The placement of the A33 model in the other crystal forms was accomplished by molecular replacement. A monomer from the refined structure of A33 was used as a search model after the removal of residues 161 to 174 from the loop and residues 183 to 185 from the C terminus. The molecular replacement and rigid body refinement of the best solutions were carried out using the PHASER software program (50). The rigid-body refined models were examined without any further refinement.
Protein model geometry and side-chain rotamer conformations for Asn, Gln, and His were examined using the Procheck software program (39) and corrected using the Molprobity program (47). PISA was used to calculate buried surface areas (37). Shape complementarity statistics were calculated using the SC software program (41). The DALI (26), SSM (36), and FFAS (30) servers were used to search the structural and sequence databases. LSQMAN (35) and PISA were used to structurally superimpose A33 on other structures. Depictions of molecules were generated with PyMOL (11). Sequence alignments and figures were made with the Multalin (10), ClustalW (38), and Jalview (9) software programs. Selection and comparison of poxvirus sequences were performed using software and databases at the Poxvirus Bioinformatics Resource Center (www.poxvirus.org) (42).
Coordinates for the refined A33 structure and structure factors for the five data sets have been deposited in the Research Collaboratory for Structural Bioinformatics Protein Data Bank (accession code 3k7b).
Based on its sequence, A33 is predicted to be a type II integral membrane protein with a short N-terminal cytoplasmic region, an uncleaved signal sequence-transmembrane region spanning the outer membrane of the EV, and an ectodomain on the surface of the virus or infected cell (Fig. (Fig.1)1) (62). The ectodomain is predicted to be comprised of residues 58 to 185, which includes five cysteines (62). Secondary structure prediction algorithms predicted that the first regular secondary structure in the A33 sequence begins around residue 82. An expressed A33 protein consisting of residues 82 to 185 formed crystals after 3 weeks of incubation. Mass spectrometry analysis of the 82-185 protein indicated that it had been shortened by proteolysis during storage to residues 90 to 185. When the shorter A33 protein (residues 90 to 185) was expressed and purified, it formed crystals in 1 day.
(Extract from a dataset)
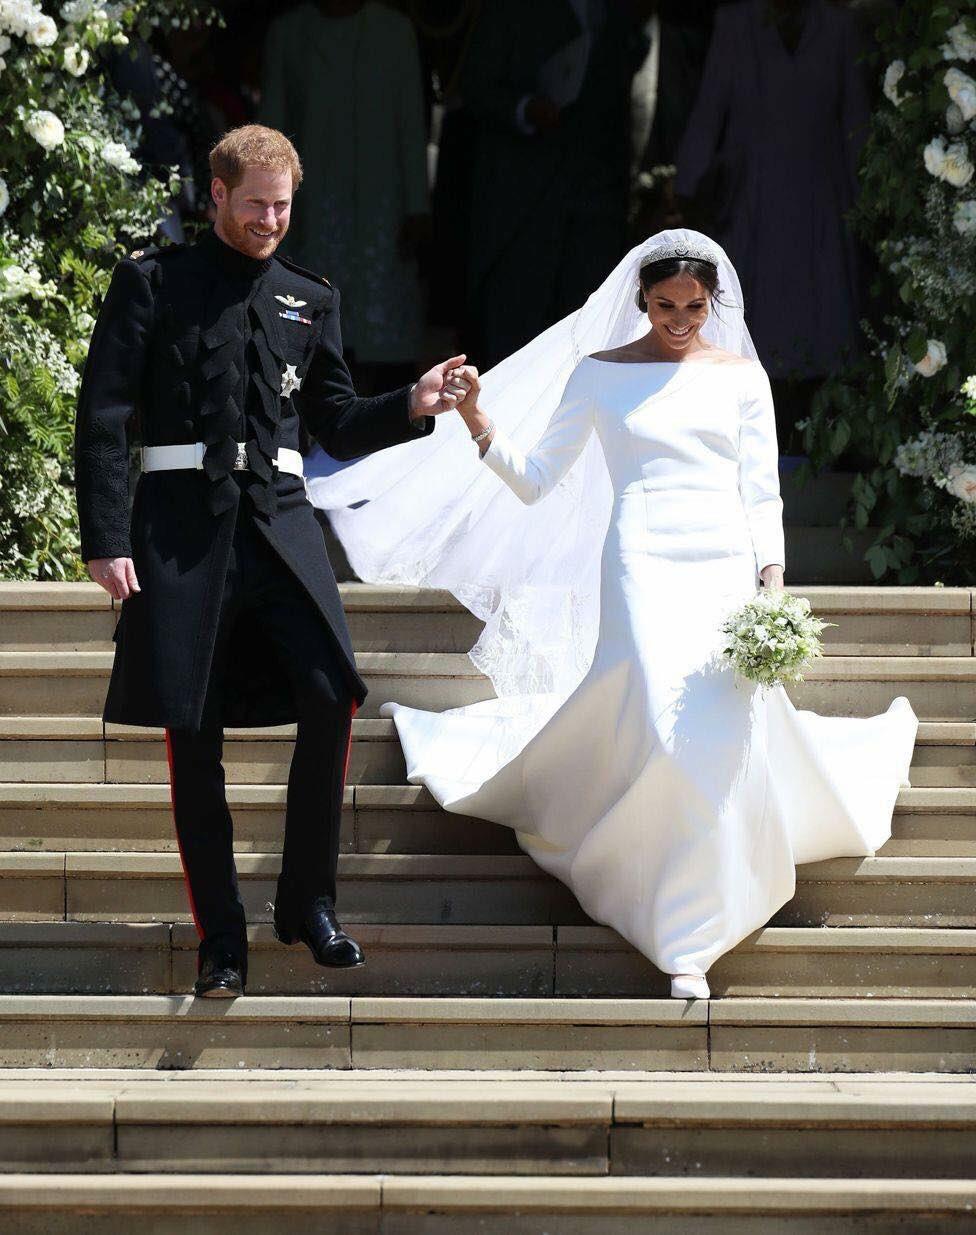 Pin By Andrea Bielka On Royal Wedding Duke Harry And Duchess Meghan Of Sussex Meghan Markle Wedding Dress Meghan Markle Wedding Harry And Meghan Wedding

X-ray data collected from several heavy atom-soaked crystals led to estimated phases that did not yield interpretable electron density. This was due to the moderate resolution of the X-ray data, coupled with inadequate heavy atom binding in the acidic pH of crystallization and the low solvent content of the crystals. Our second approach for obtaining a bound heavy atom was to mutate K123 and E149 one at a time to cysteine in order to bind a mercury atom to the sulfur atom of the new cysteine at neutral pH prior to crystallization. Since only one methionine (M184) is present in residues 90 to 185 of the wild-type sequence, we also mutated L118 and L140 to methionines so as to use the anomalous scattering of the Se atoms of SeMet. Mass spectrometry analysis of the K123C mutant A33 protein indicated that C123 was covalently bonded to a glutathione molecule from the refolding buffer. Under crystallization conditions similar to those for the wild-type protein, crystals appeared that exhibited a new morphology. Though larger, these crystals did not diffract as well as the crystals with the wild-type A33 sequence.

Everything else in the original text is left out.